Clustering analysis is widely used in data mining to classify data into categories on the basis of their similarity. Through the decades, many clustering techniques have been developed, including hierarchical and non-hierarchical algorithms. In gene profiling problems, because of the large number of genes and the complexity of biological networks, dimensionality reduction techniques are critical exploratory tools for clustering analysis of gene expression data. Recently, clustering analysis of applying dimensionality reduction techniques was also proposed. PCA (principal component analysis) is a popular methd of dimensionality reduction techniques for clustering problems. However, previous studies analyzed the performance of PCA for only full data sets. In this paper, to specifically and robustly evaluate the performance of PCA for clustering analysis, we exploit an improved FCBF (fast correlation-based filter) of feature selection methods for supervised clustering data sets, and employ two well-known clustering algorithms: k-means and k-medoids. Computational results from supervised data sets show that the performance of PCA is very poor for large-scale features.

Keywords:

Clustering algorithm, Dimensionality reduction, PCA, Feature selection

1. Introduction

Clustering analysis is widely used in data mining to classify data into categories on the basis of their similarity. It is the formal study of methods and algorithms for the natural grouping, or clustering, of objects according to measured or perceived intrinsic characteristics or similarities. Clustering methods are especially useful for exploring interrelationships among neighbors. Applications range broadly from pattern recognition to microarrays, multimedia, bibliometrics, bioinfomatics, and gene profiling.

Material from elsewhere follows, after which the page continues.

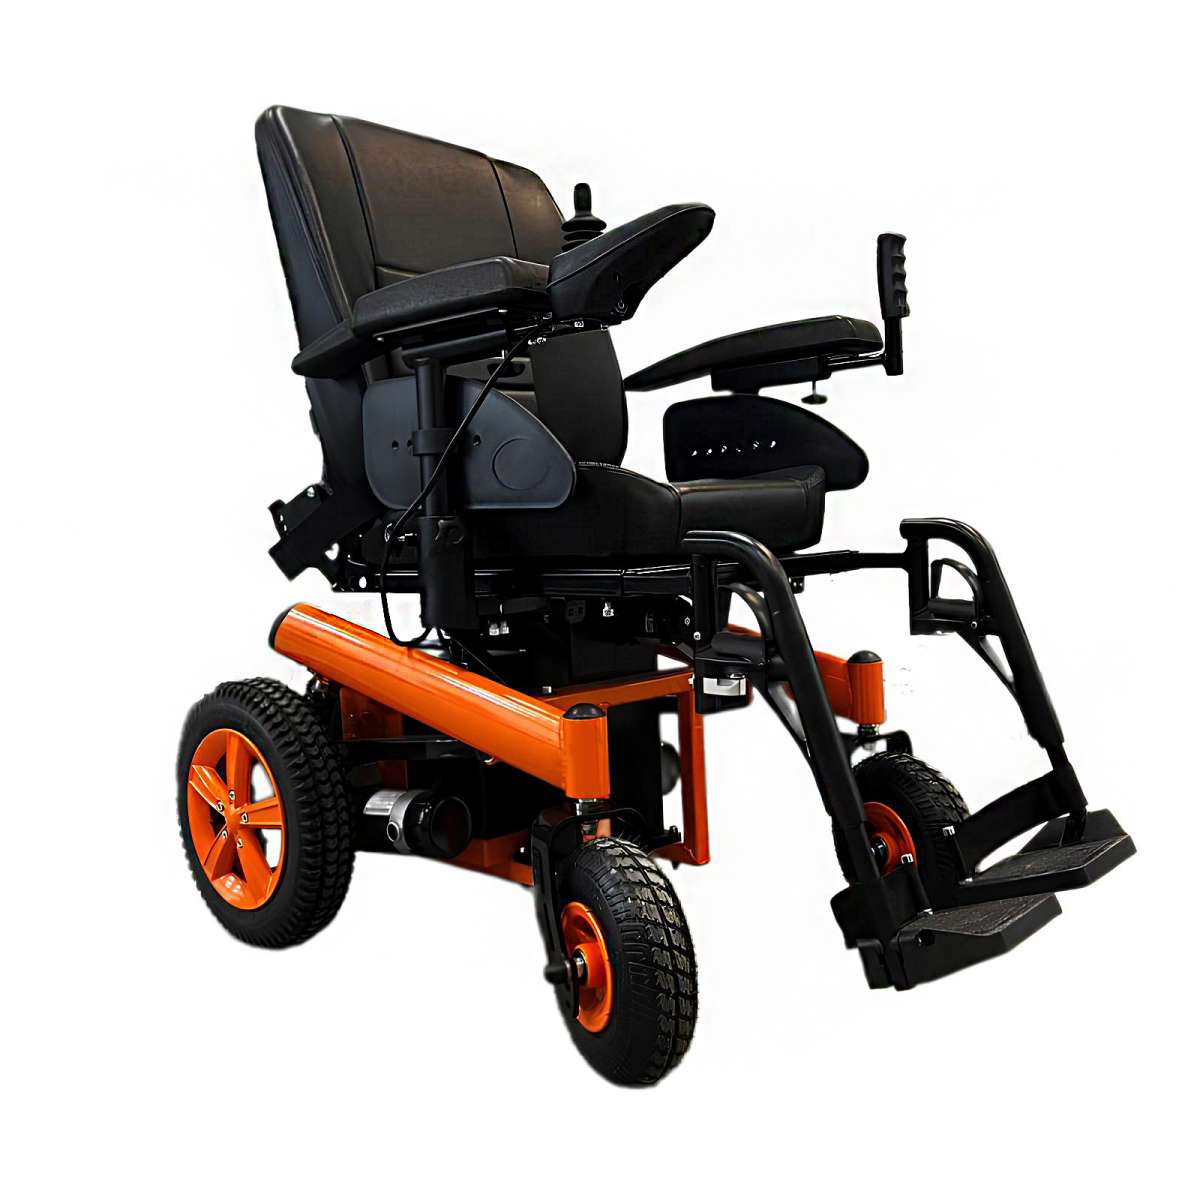 Инвалидная кресло-коляска с лифтом сиденья MET NOVA

Clustering algorithms can be classified into two general categories: hierarchical and non-hierarchical methods. Hierarchical methods classify the original data into similar categories without predetermining the number of clusters. Several hierarchical methods have been developed : linkage methods [1], Ward’s method [2], DIANA algorithm [3], and DPC (density peaks clustering) [4] algorithm, etc. Linkage methods include single, complete, and average or centroid linkage. For example, the single linkage method is to connect the nearest neighbor by Euclidean distance. In contrast to the single linkage, complete linkage method is to cluster the farthest neighbor. Rodriguez et al. [4] proposed an efficient DPC algorithm that cluster centers are characterized by a higher density than their neighbors.

Non-hierarchical methods are clustering algorithms in which the number of clusters is predetermined. These include k-means [5], k-medoids (PAM(patitioning around medoids) [3]), CLARA (clustering large applications) [3], and so on.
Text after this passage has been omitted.